→ **What the task asks**
Starting at the first line of the data, please print exactly those lines through the one that holds "A weather-vane set", omitting every picture.

→ **Supplied data**
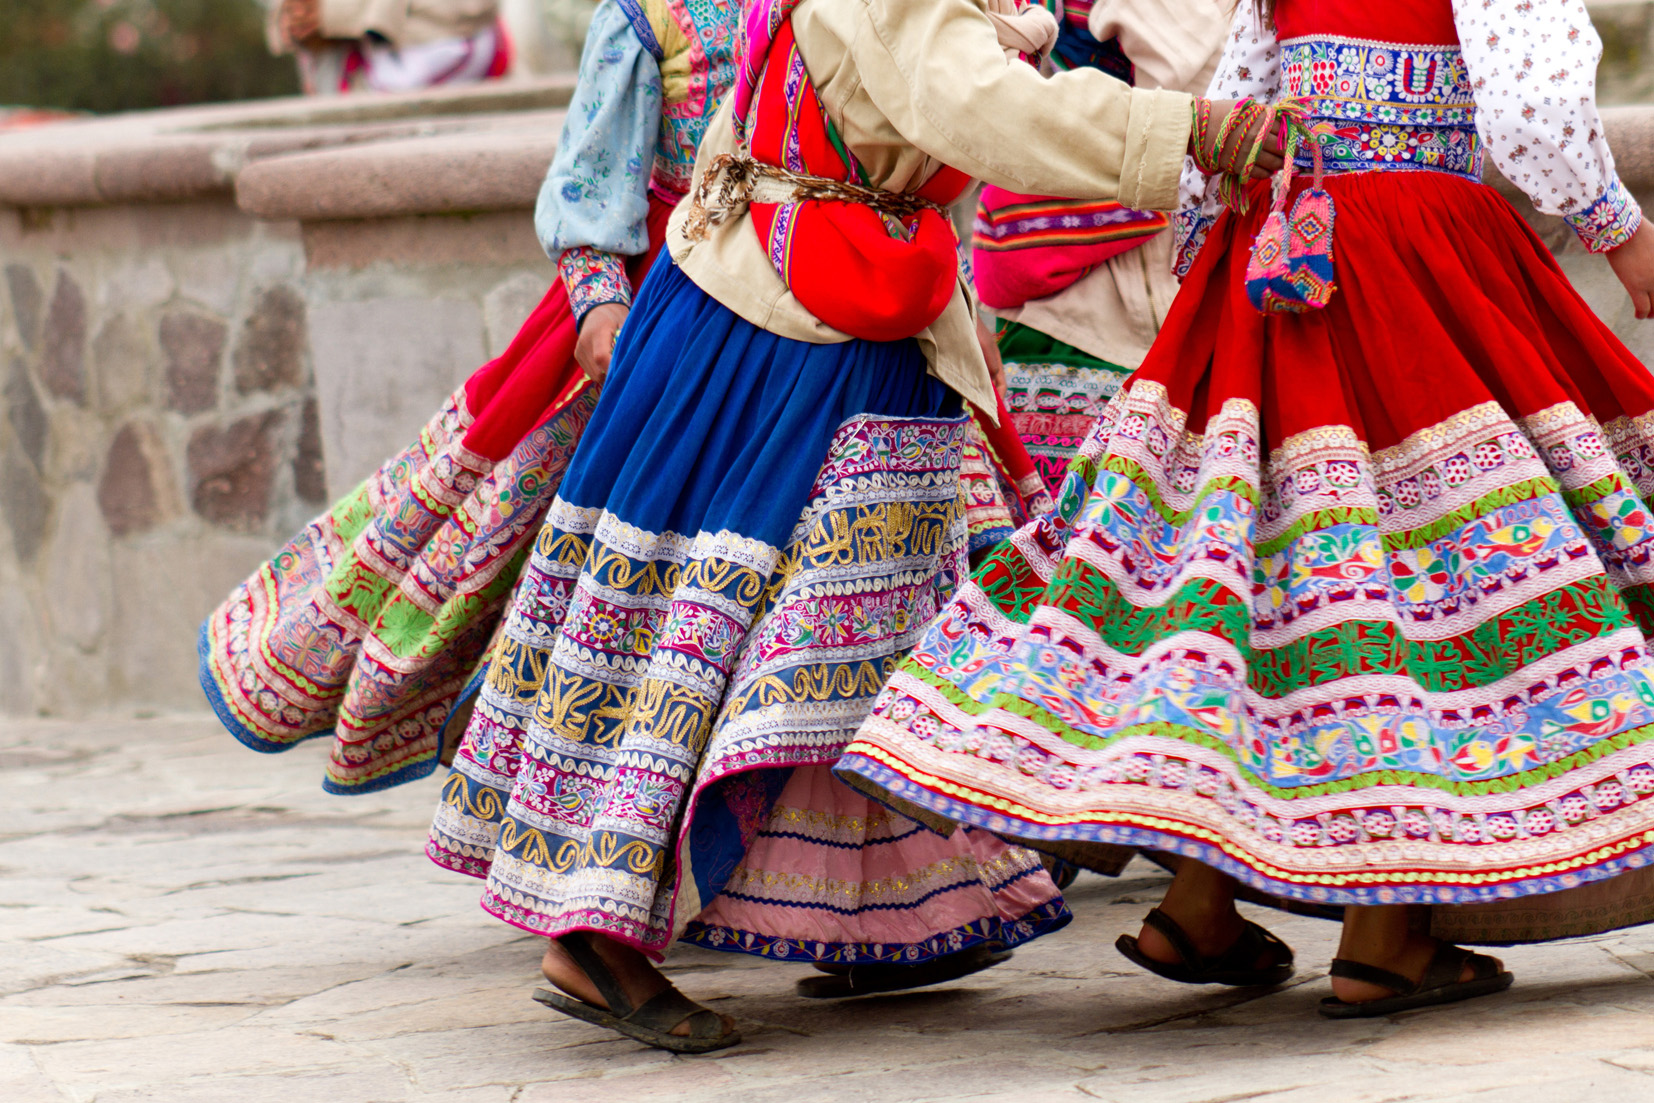 The world’s most authentic cultural traditions
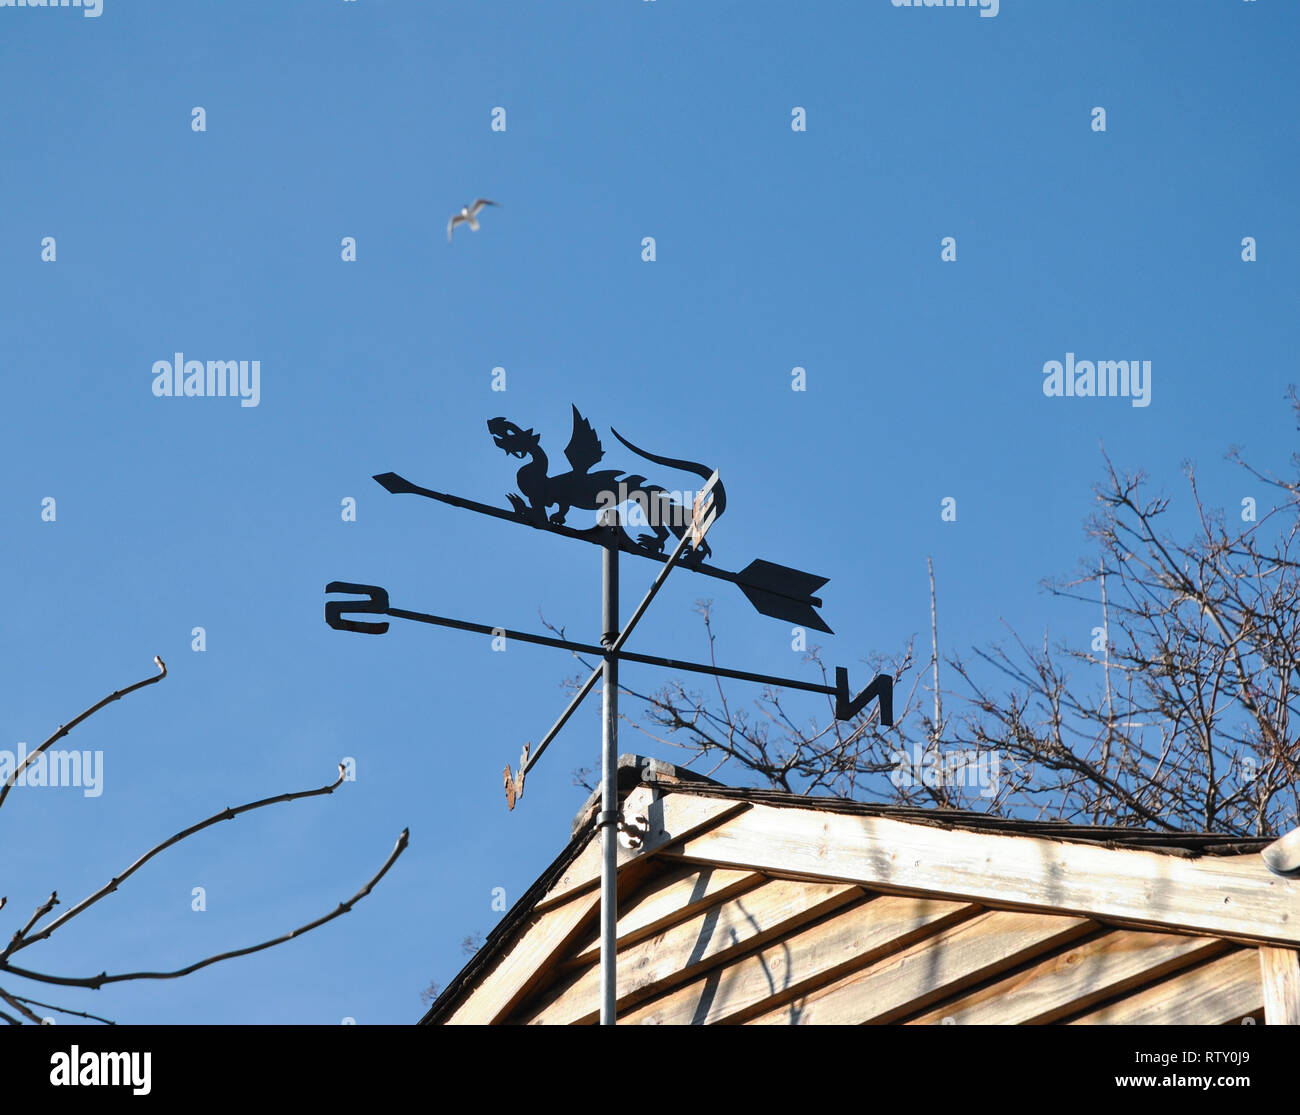 A weather-vane set against a clear blue sky with a bird flying in the background Stock Photo
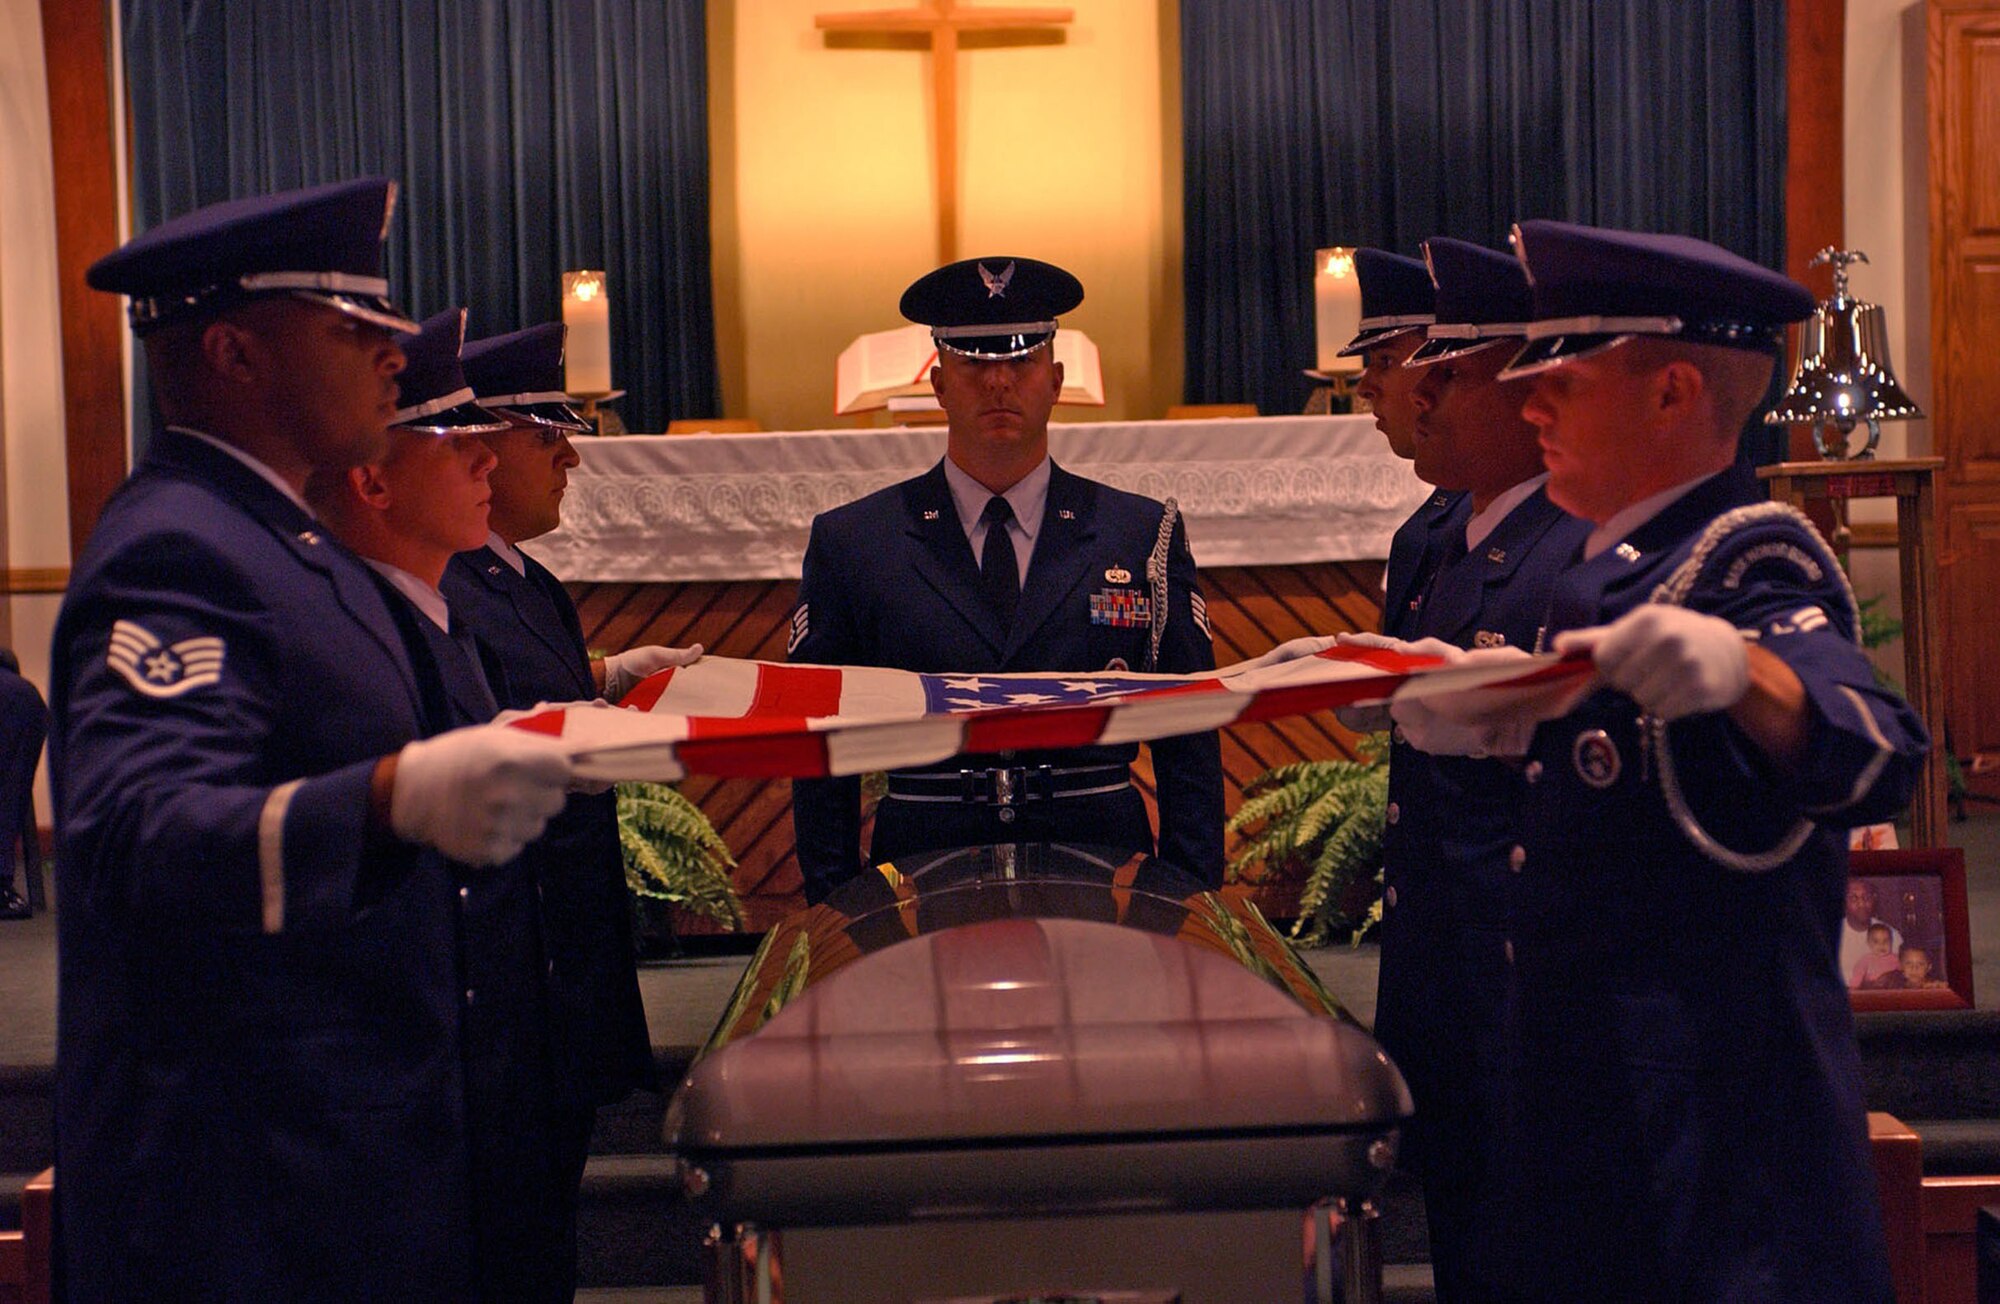 Members of the Hurlburt Field Honor Guard fold the flag over the casket of Tech. Sgt. Earnest  Rockamore, 16th Civil Engineer Squadron, during a memorial service here June 29. (U.S. Air Force Photograph by Senior Airman Kimberly Batts.)

→ **Task answer**
 The world’s most authentic cultural traditions
 A weather-vane set against a clear blue sky with a bird flying in the background Stock Photo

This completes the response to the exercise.